El clima era agradable, ni frío ni cálido; el viento, suave, un limpio susurro de paz. Agradecí enormemente a los dioses por ese respiro. Caminé hasta estar sobre el centro de la muralla de la presa, observando todo a mi alrededor, la quietud del agua. El silencio de los animales, como si supieran que debían dejarme tranquilo. Pronto atardecía, y era de noche cuando mi raza se sentía libre realmente.
—¿Tendremos esa conversación algún día, lobito?
Sentí cómo mi cuerpo se tensaba; realmente esperaba estar solo. No caí al agua porque aún estaba dentro de mi piel.
—Adrik, eres demasiado imprudente, ¿qué, de verdad, nadie te entrenó?
—Mis padres lo intentaron, también mi hermano, incluso Grigori lo intentó.
—Pero fallaron miserablemente —murmuré, apoyándome en el barandal metálico que tenía frente a mí.
—Bueno, debo admitir que nunca les puse mucha atención.
Se recostó perezosamente en la muralla, con los brazos cruzados sobre su pecho. Su cabello lucía unos mechones plata oscura, como el pelo de un lobo, pero eran sus ojos los que definitivamente eran más de un depredador.
—¿Qué es lo que realmente quieres, Adrik?
—Son varias cosas, lobito. Para comenzar, ¿podrías amarrarle más la correa a tu cachorro? Ha tratado de saltar a mi yugular desde que nació.
—¿Ruso? Alguna razón debe tener.
—Que nunca quise unir mi vida a la de su madre.
¿Qué? ¿Había entendido bien? ¿Dimitri Ruso en realidad era un Slavik?
—Adrik, creo que te interpreté mal...
—No, lobito, lo hiciste bien... Él es mi hijo. Por ello posee poderes tan inusuales y habilidades que nadie más tiene, ni siquiera yo.
Había cierto atisbo de orgullo en la voz del lobo; se sentía orgulloso de su hijo.
—Eso debes arreglarlo tú; yo no puedo evitar que salte a tu cuello cada vez que te ve.

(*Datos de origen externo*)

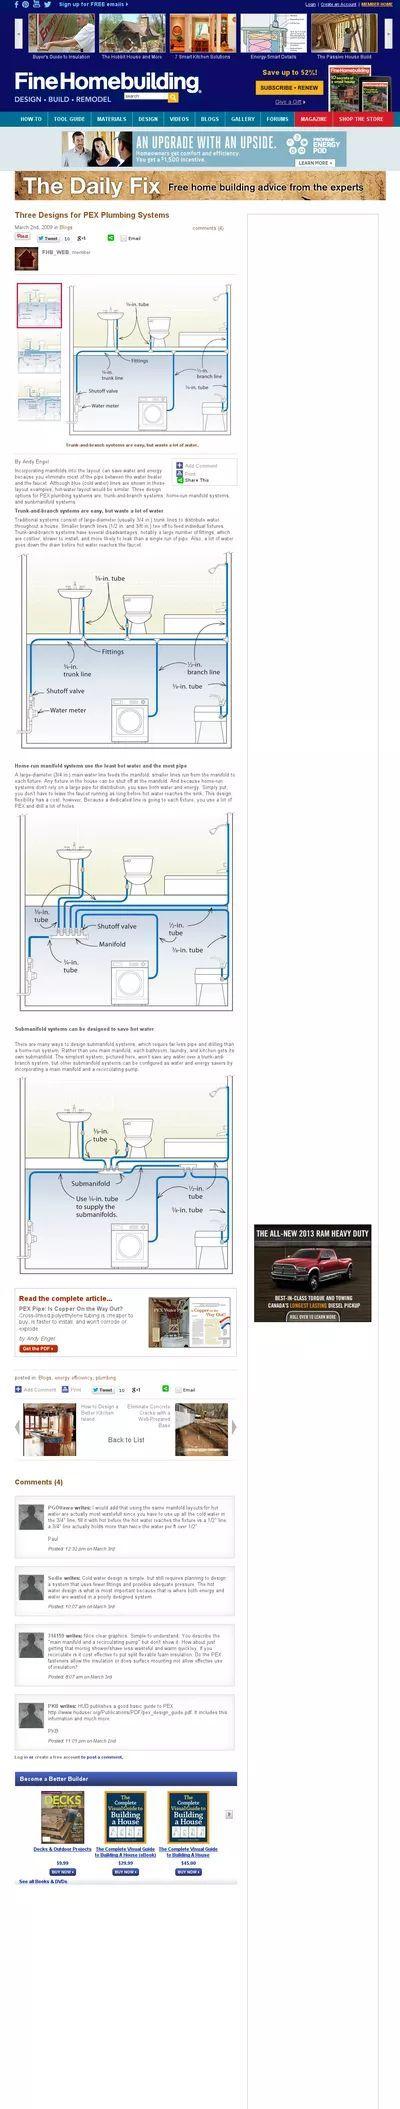 pex plumbing - Google Search
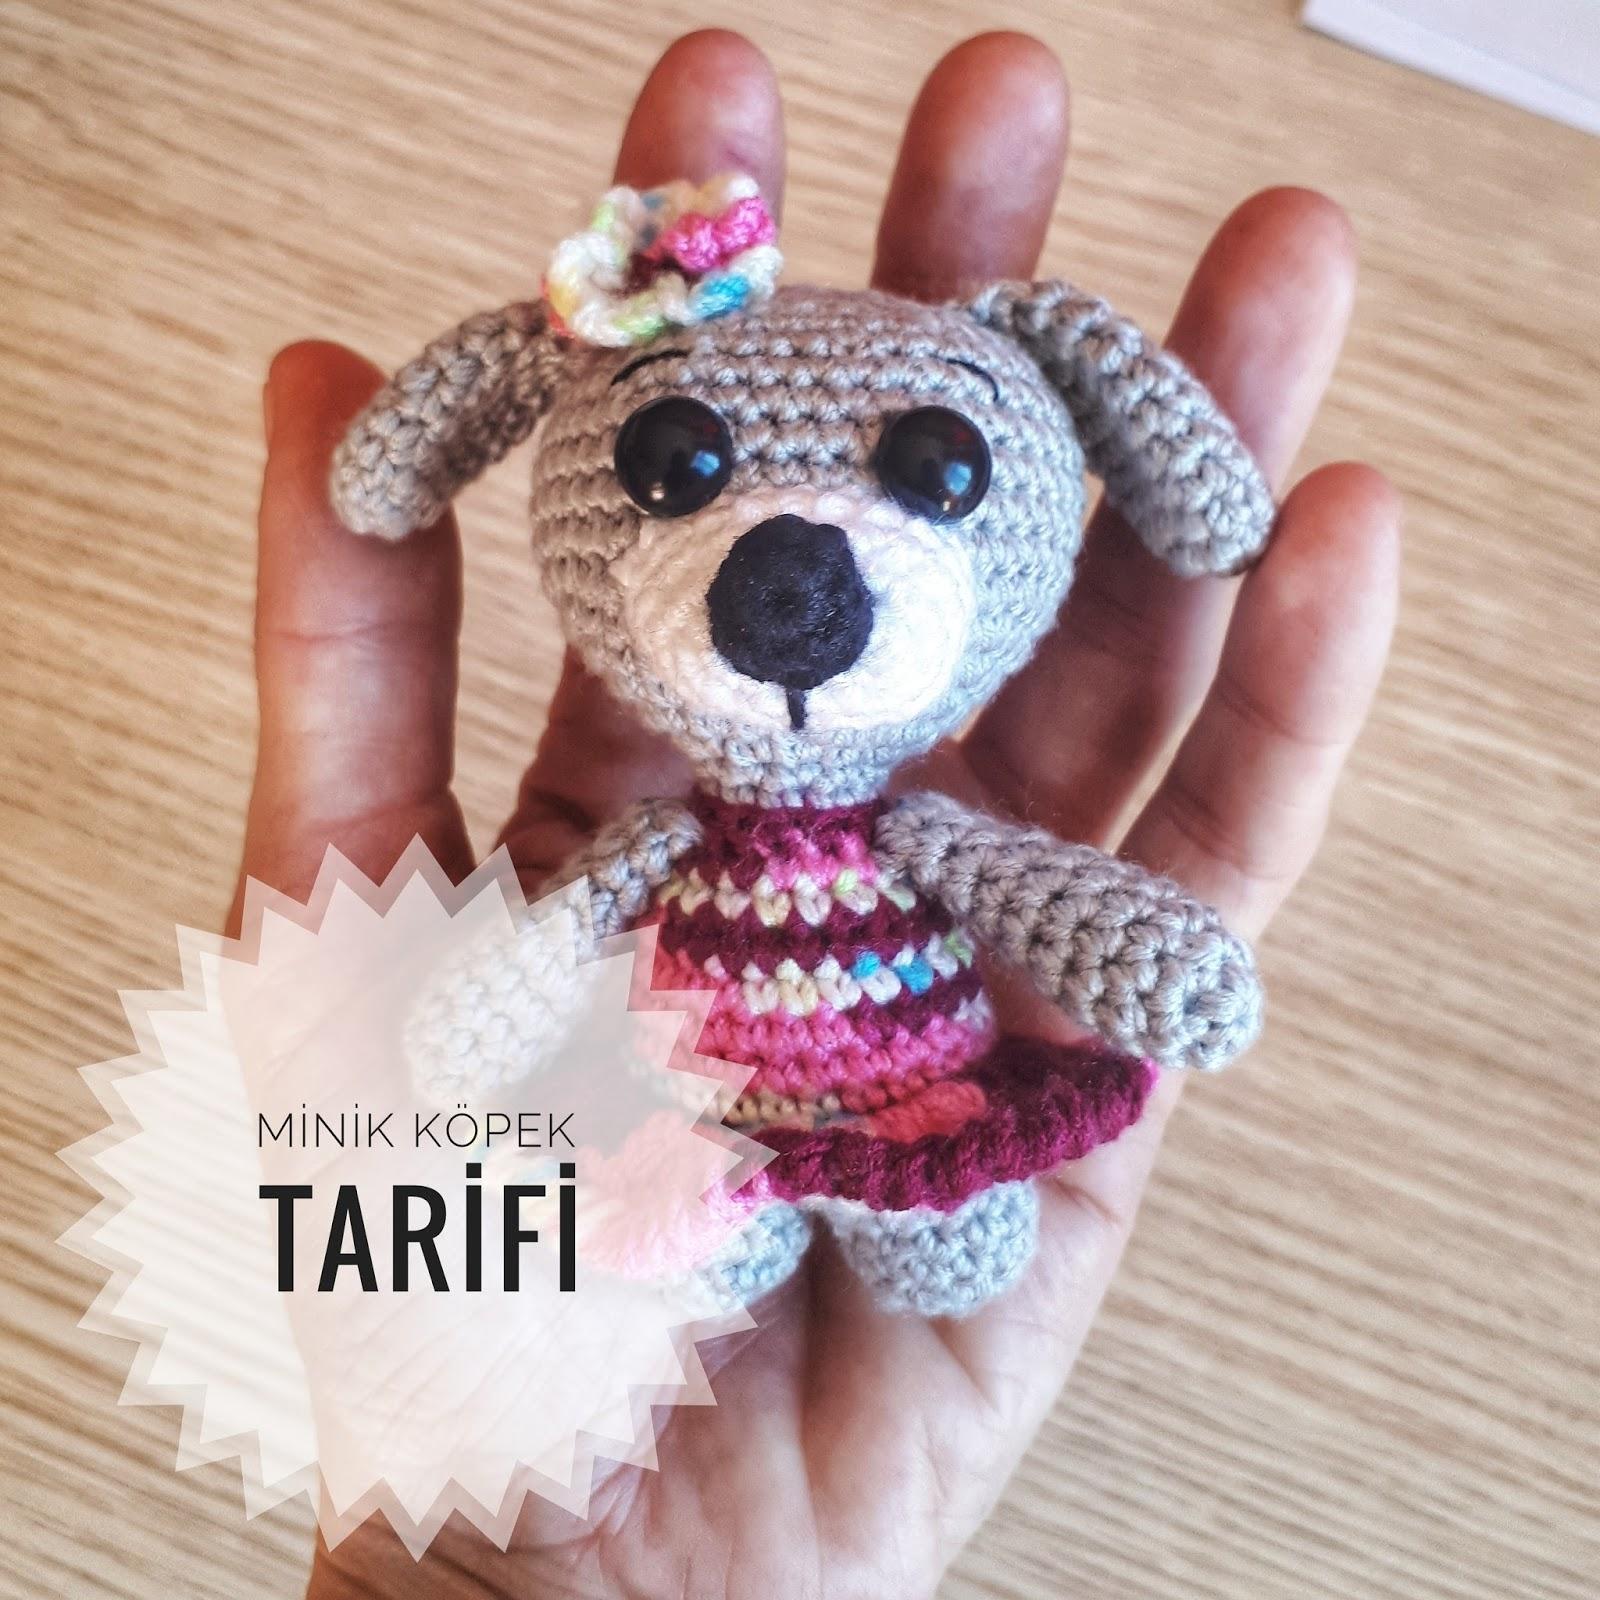 Amigurumi Crochet Lantern Skirt for Doll Pig - Crochet.msa.plus | 1600x1600

Tú metiste las patas, tú sal del hoyo solito.
El gruñido de Adrik me hizo reír.
—No sé cómo hacerlo; nunca he querido niños... mucho es por mi propio pasado, pero con Ela, ella era... caí como un principiante, la cortejé... Pero no sabía que no solo estaba conmigo, así que cuando me dijo que el cachorro que llevaba en su vientre era mío...
—¿Solo uno?
—Sí, solo un cachorro —lo vi dudar si continuar su relato; había algo de vergüenza en su voz—. Pero no lo crié. Me mantuve cerca hasta que el cachorrito nació. Incluso tu padre se dio cuenta del parecido que teníamos: el mismo aroma, el mismo color de ojos, el mismo gruñido.
—¿Qué te detuvo de criarlo como tuyo?